Stites recorded his first training win in 1991. His runners have earned at least $1 million in 17 consecutive seasons and 20 of the last 21 overall.

Stites’s two best years came in 2009 and 2010, his runners topping $2 million in each of those seasons. His barn was driven those two years by his two biggest earners, the multiple stakes winners All Giving ($588,235) and Pocket Patch ($322,635). All Giving won the Maryland Million Distaff in 2009, one of her three stakes wins that year, while Pocket Patch annexed the Maryland Million Turf in 2010.

A day later, at Laurel Park, Larry Rabold’s Polished Gal provided trainer Hugh McMahon with his 1,000th career victory in thrilling fashion, getting her nose down on the wire ahead of late-running Splendor Gal in Sunday’s sixth race.

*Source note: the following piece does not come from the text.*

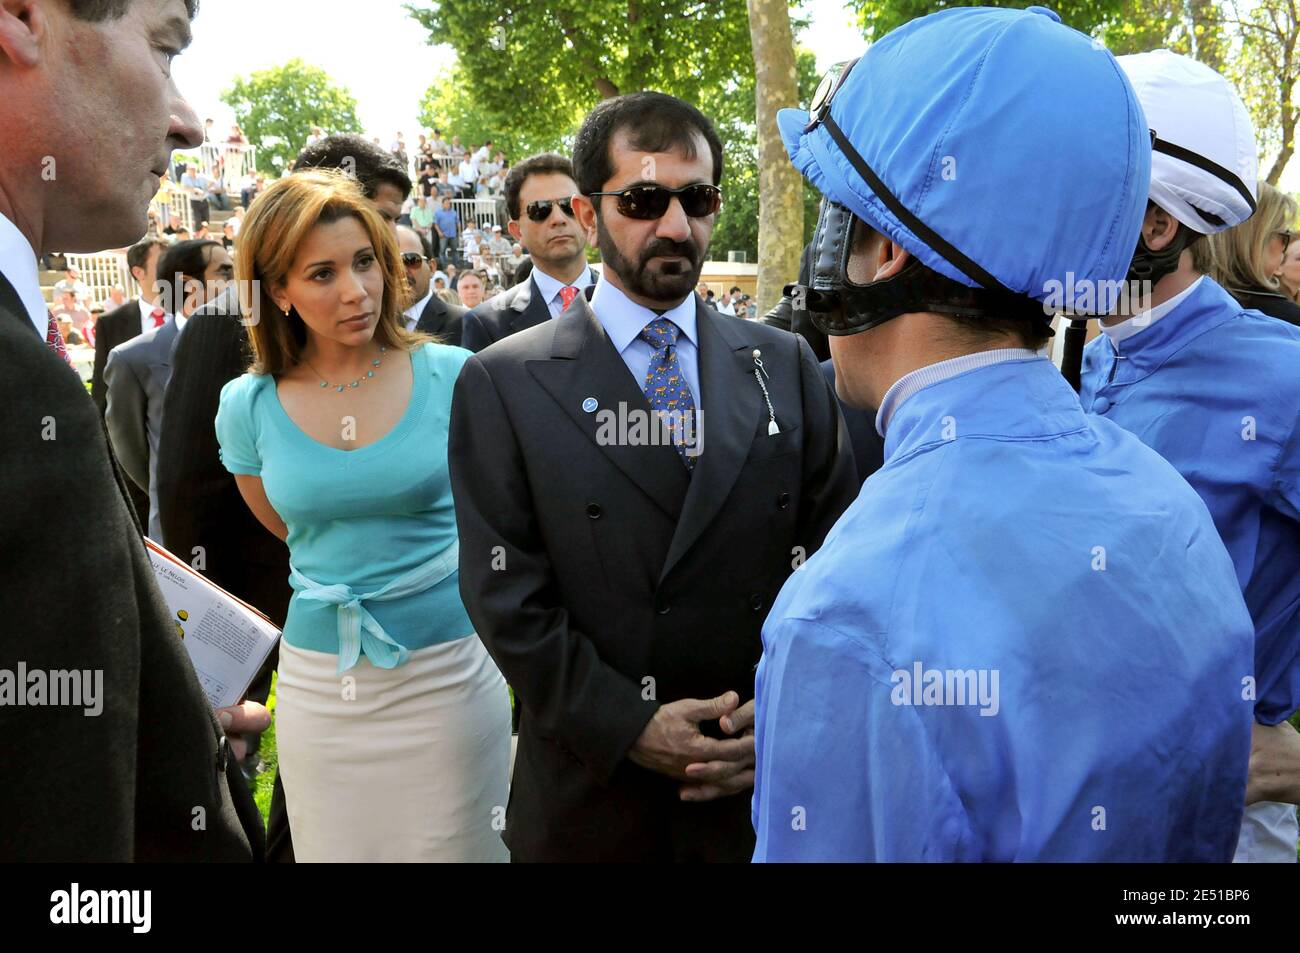 Jordan's Princess Haya and her husband, Dubai's ruler, Sheikh Mohammed Bin Rashed Al Maktoum talk with Italian jockey Lanfranco 'Frankie' Dettori as they attend colts race, known as 'Poule d'Essai des Poulains' at Longchamp racecourse in Paris, France, on May 11, 2008. Photo by Ammar Abd Rabbo/ABACAPRESS.COM Stock Photo

Polished Gal ($8.60), a 4-year-old Maryland-bred filly ridden by Victor Rosales, ran six furlongs in 1:12.93 over a fast main track to earn her fourth lifetime win from 19 starts in the claiming event for fillies and mares 3 and older.

McMahon, a 52-year-old native of Doncaster, England, has won with four of his last nine starters, winning once on each of Laurel’s four racing programs this week. Polished Gal – his only starter on Sunday’s card – was preceded by Paynterbynumbers Nov. 19, He’s Zippin On By Nov. 20 and Gary Doing Biz Nov. 21.

“I’m excited. It’s a significant landmark,” McMahon said. “It’s humbling as well. I was just speaking with one of our grooms and he congratulated me and I told him it’s not really me, it’s a team, But, we’re more than a team, we’re a family. My name is up there but it’s not really me. There are a lot of people that are involved in this, but more than anything it’s God’s gift to us. Everything that we have is a gift.”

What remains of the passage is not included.